Does creamed honey stay the same or do the crystals get bigger?


----------



## blackowl (Jul 8, 2015)

Where will be the best place to store it?


----------



## Woodstove (Jun 19, 2018)

I suppose if you're looking for the _best_ place to store your creamed honey, a wine fridge at 57 degrees would most likely be ideal. Since it's nothing more than finely crystallized honey, any climate controlled room in the house would do just as well as another. As long as you keep it away from direct sunlight and away from toasters or the top of the microwave, it won't (shouldn't) start to reliquify.


----------



## Fivej (Apr 4, 2016)

This is pretty funny. I came here because I accidentally made creamed honey and wanted to know how to continue to propagate it. found all my answers here thank you folks now I know what it feels like when a scientist makes a mistake and it turns into something great. J


----------



## Fivej (Apr 4, 2016)

Actually I do have a question. my wife and daughter liquified most of the creamed honey and so I don't have much left. I have about a half a pint left. How much liquid honey should I add? Can i assume a half pint of creamed is a half pound? Thanks, j


----------



## FlowerPlanter (Aug 3, 2011)

3 pounds a quart. 3/4 pounds a half pints.
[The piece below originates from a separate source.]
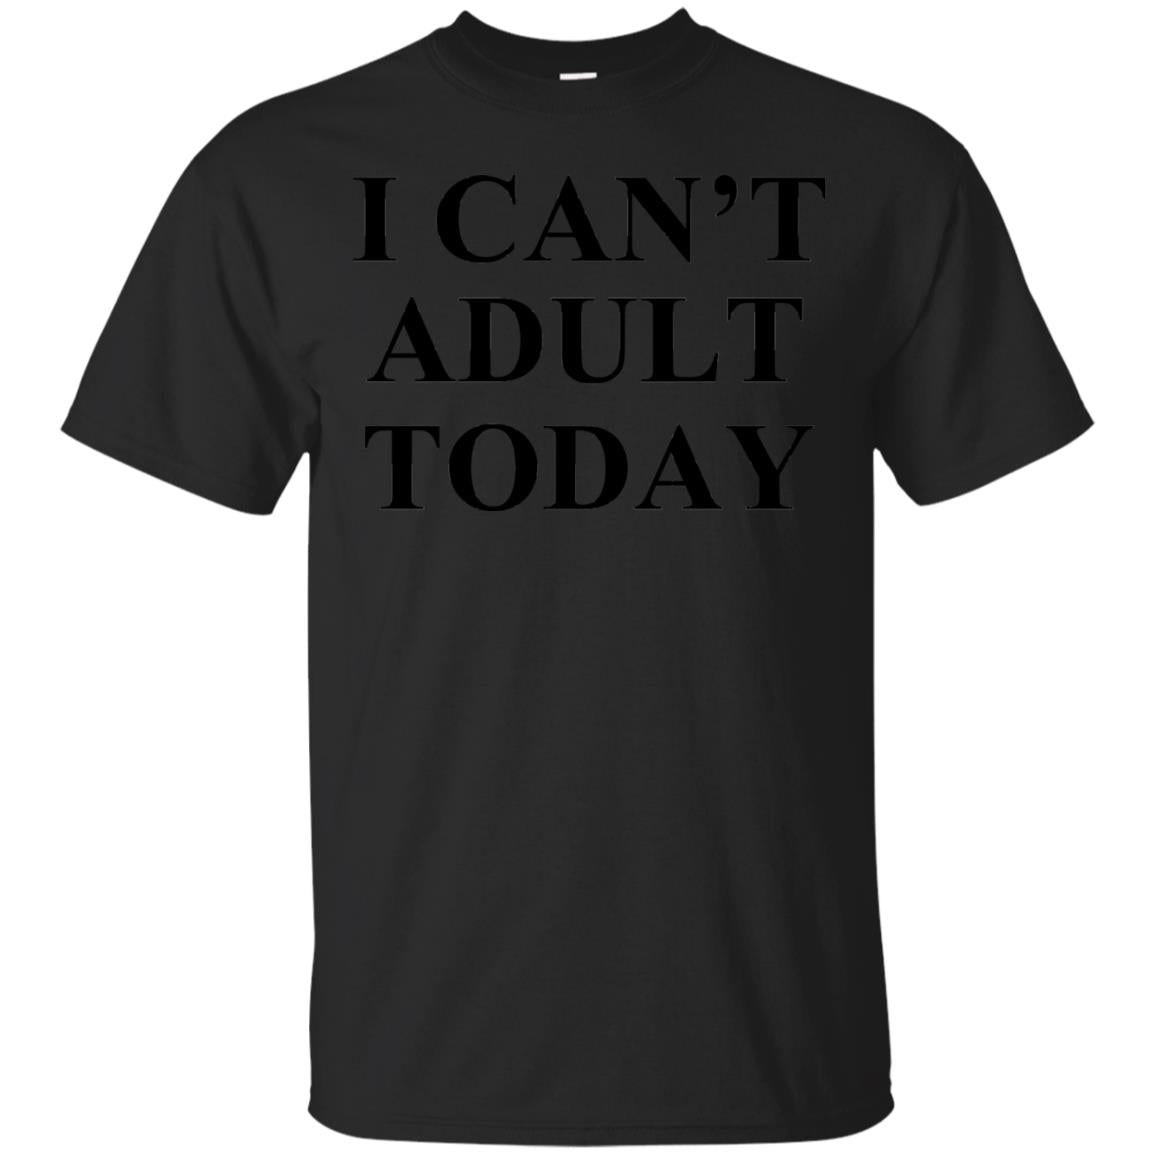 I Cant Adult Today Shirts

How much seed you use will affect how quick it turns to creamed honey, you can also make it without any starter. The closer to 57 degrees the better. 

When I make five gallon batches I use a quart, it takes a little while longer but I'm not in a hurry. If you want it quick a 50/50 mix will get it creamed in a few days. I think the general rule is about 10% mix.


----------



## Fivej (Apr 4, 2016)

Thanks Flower!


----------